Objective: Leg pain has long been underestimated despite being one of the most important symptoms of chronic venous disease (CVD). Studies investigating leg pain and psychosocial profile in CVD are limited. The study aimed to investigate leg pain, central sensitization, kinesiophobia, and body awareness in patients with CVD. Methods: The ninety-eight patients (80 female, 18 male) diagnosed with CVD were included in the study. The severity of leg pain was evaluated with the Visual Analog Scale (VAS). The patients were assessed with the Central Sensitization Inventory (CSI-A and B) for central sensitization-related symptoms and -positivity, the Body Awareness Questionnaire (BAQ) for body awareness, and the Tampa Kinesiophobia Scale (TKS) for kinesiophobia. The cut-off score was admitted as 41 for TKS. Results: The leg pain (mean (SD) = 4.3 ± 2) and body awareness (mean (SD) = 82.4 ± 22) were moderate levels in patients with CVD. Nearly half of the patients (n = 46, 46.9%) had both central sensitization positivity and elevated kinesiophobia (n = 46, 47%). The CSI was correlated with the VAS (r = 0.32, p = .001), TKS (r = 0.40, p < .001), and BAQ (r = 0.20, p = .048). Significant correlations were determined between Body Mass Index and TKS (r = 0.48, p < .001) and BAQ (r = -0.31, p = .002). Also, the patients with a TKS score ≥41-points had higher CSI-A scores (p = .002) than those with a TKS score< 41. Conclusions: Leg pain, central sensitization, and kinesiophobia are commonly seen in patients with CVD, and central sensitization seems to have a negative effect on leg pain, kinesiophobia, and body awareness. The profile beyond pain should be evaluated in detail, and various rehabilitation strategies need to be developed to manage central sensitization, interoception, kinesiophobia, and weight control in patients with CVD.

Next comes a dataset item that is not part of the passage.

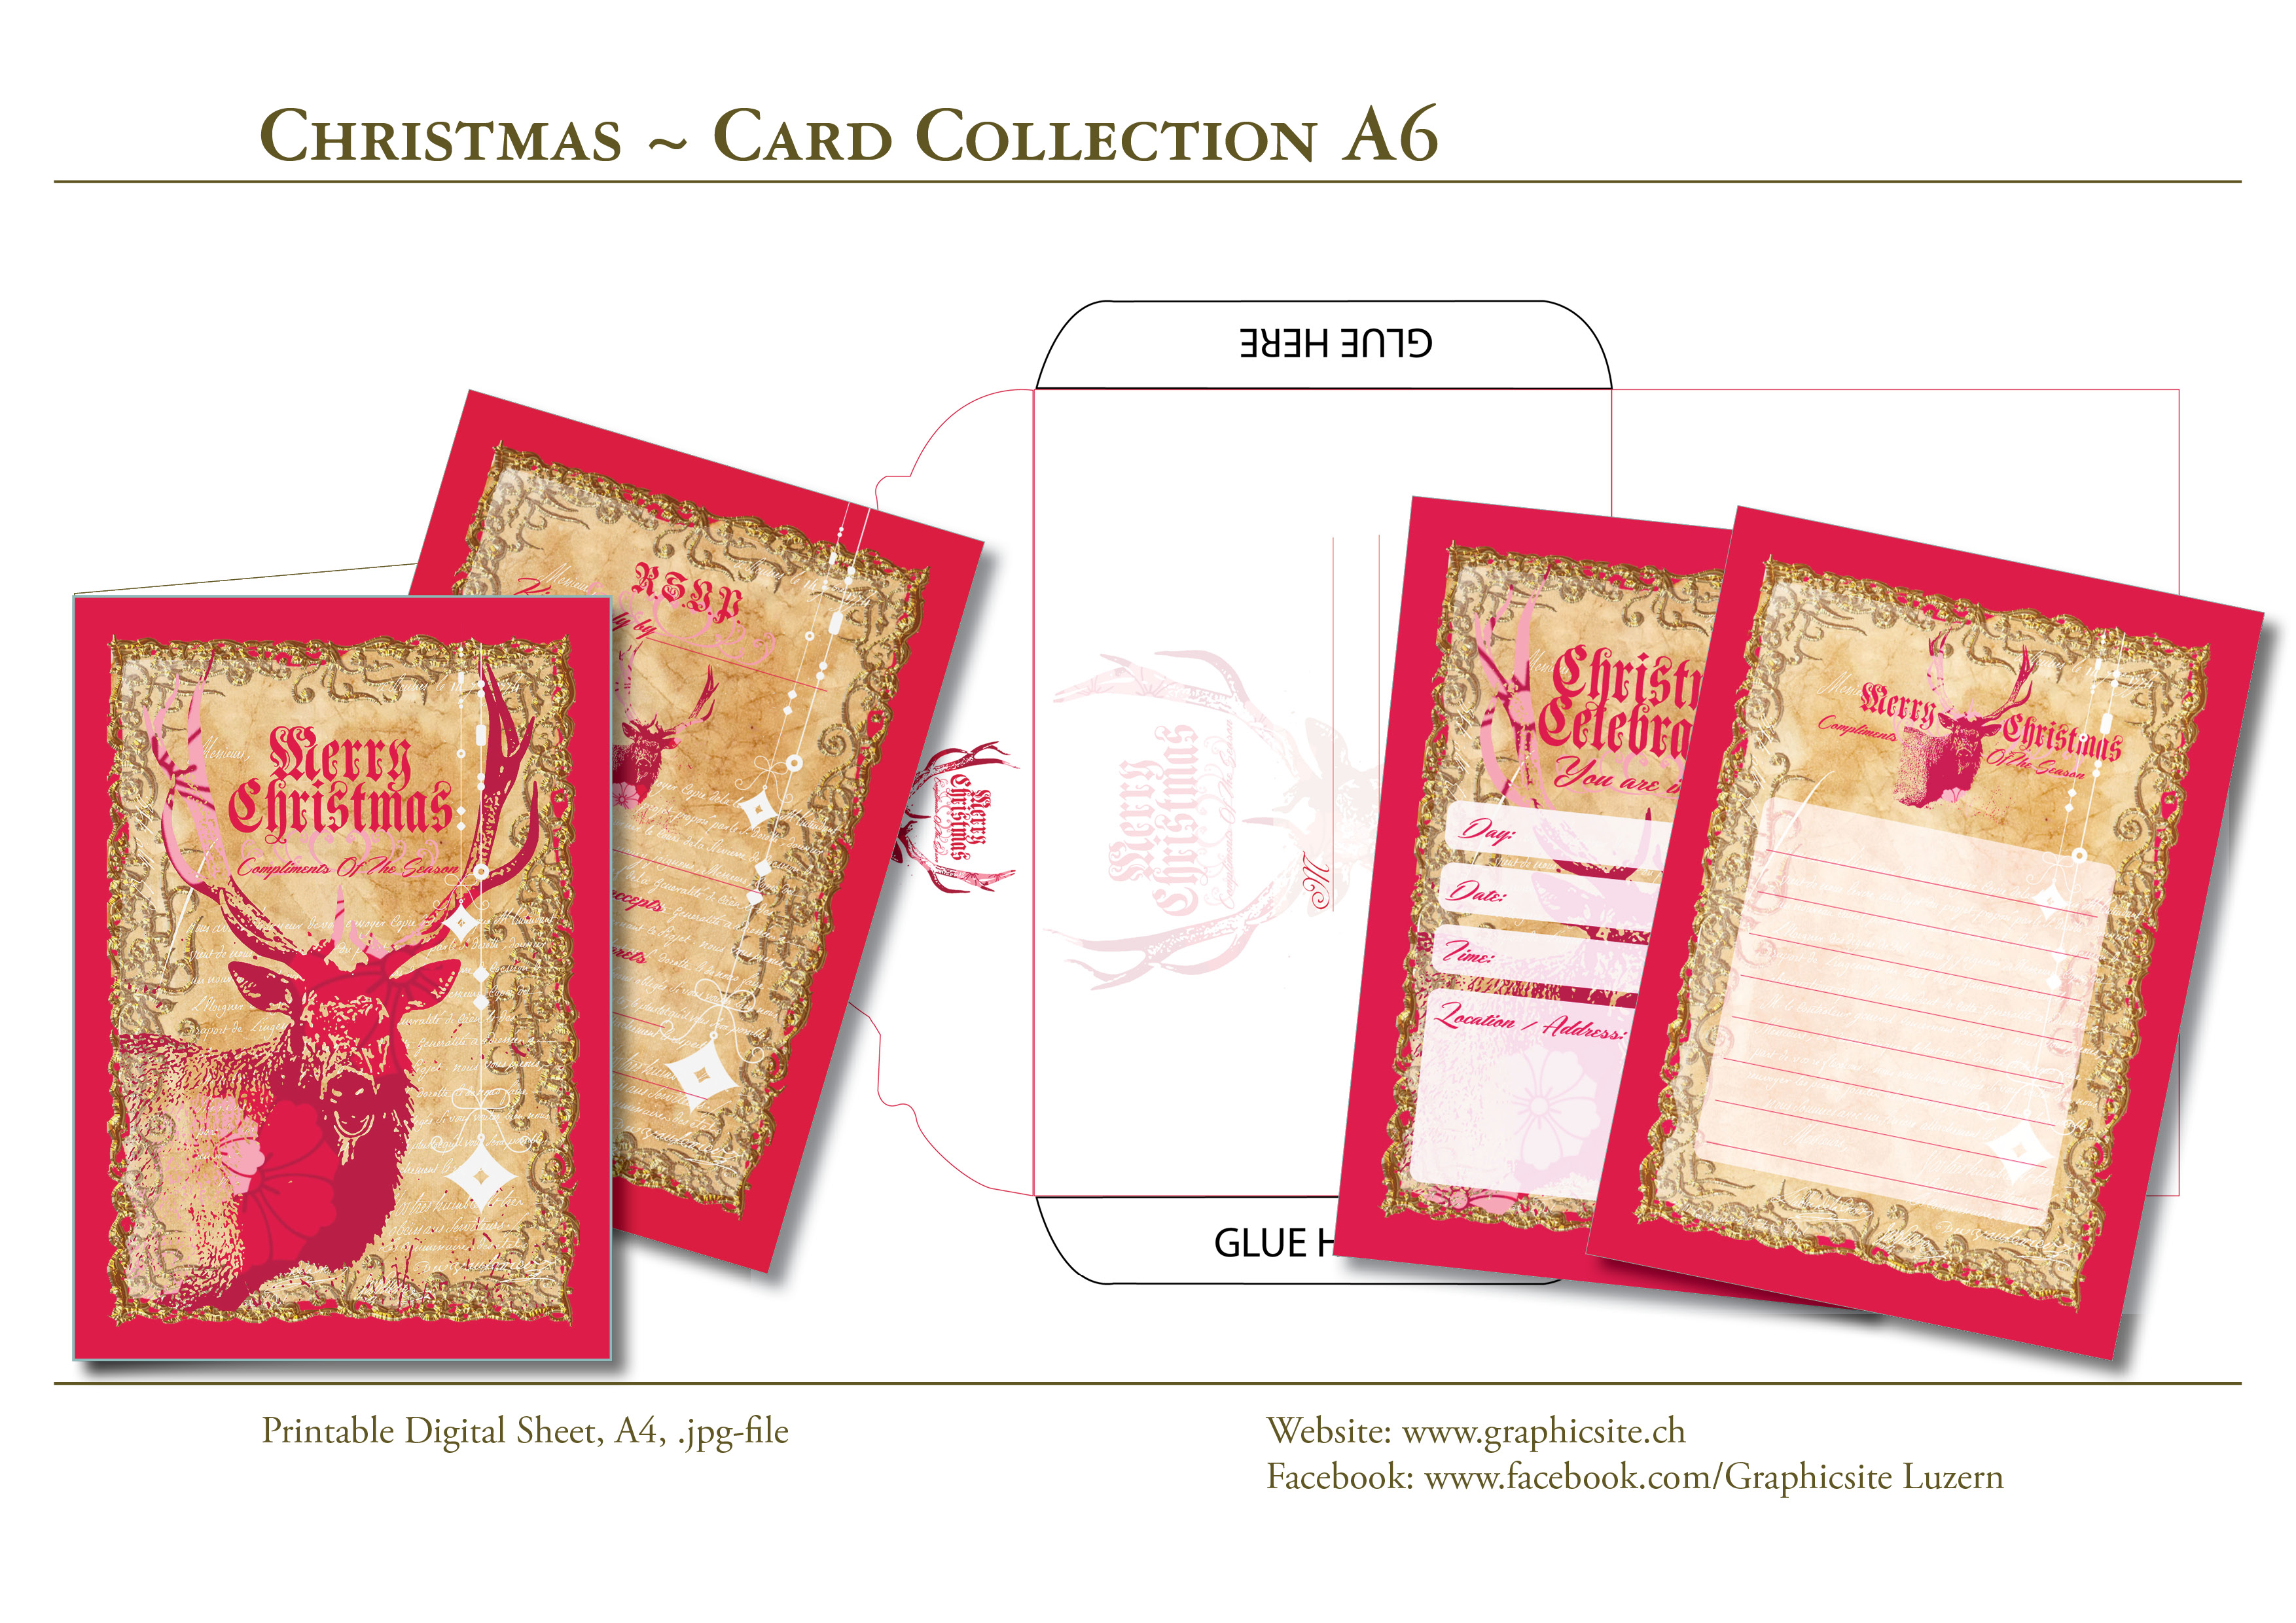 Karten selber drucken - Weihnachtskarten, Grusskarten, Elch / Karten / Kuvert - #weihnachtskarten, #karten, #selber, #drucken, #gestalten, #etiketten, #basteln, #luzern, #schweiz

腿痛之外的概况:慢性静脉疾病患者的中枢敏感性、运动恐惧症和身体意识的基础。
目的:腿痛是慢性静脉疾病(CVD)最重要的症状之一,但长期以来一直被低估。有关 CVD 中腿部疼痛和社会心理状况的研究十分有限。本研究旨在调查 CVD 患者的腿痛、中枢敏感性、运动恐惧症和身体意识。研究方法研究纳入了 98 名确诊为心血管疾病的患者(80 名女性,18 名男性)。腿部疼痛的严重程度用视觉模拟量表(VAS)进行评估。中枢敏感性量表(CSI-A 和 B)用于评估中枢敏感性相关症状和阳性反应,身体意识问卷(BAQ)用于评估身体意识,坦帕运动恐惧症量表(TKS)用于评估运动恐惧症。TKS 的临界值为 41 分。结果心血管疾病患者的腿痛(平均值(标清)= 4.3 ± 2)和身体知觉(平均值(标清)= 82.4 ± 22)处于中等水平。近一半的患者(n = 46,46.9%)同时具有中枢敏化阳性和运动恐怖症(n = 46,47%)。CSI 与 VAS(r = 0.32,p = .001)、TKS(r = 0.40,p < .001)和 BAQ(r = 0.20,p = .048)相关。体重指数与 TKS(r = 0.48,p < .001)和 BAQ(r = -0.31,p = .002)之间存在显著相关性。此外,TKS评分≥41分的患者比TKS评分<41分的患者有更高的CSI-A评分(p = .002)。结论腿痛、中枢敏化和运动恐惧是心血管疾病患者的常见症状,而中枢敏化似乎对腿痛、运动恐惧和身体意识有负面影响。应详细评估疼痛以外的特征,并制定各种康复策略,以控制心血管疾病患者的中枢敏感化、互感、运动恐惧和体重控制。
本文章由计算机程序翻译,如有差异,请以英文原文为准。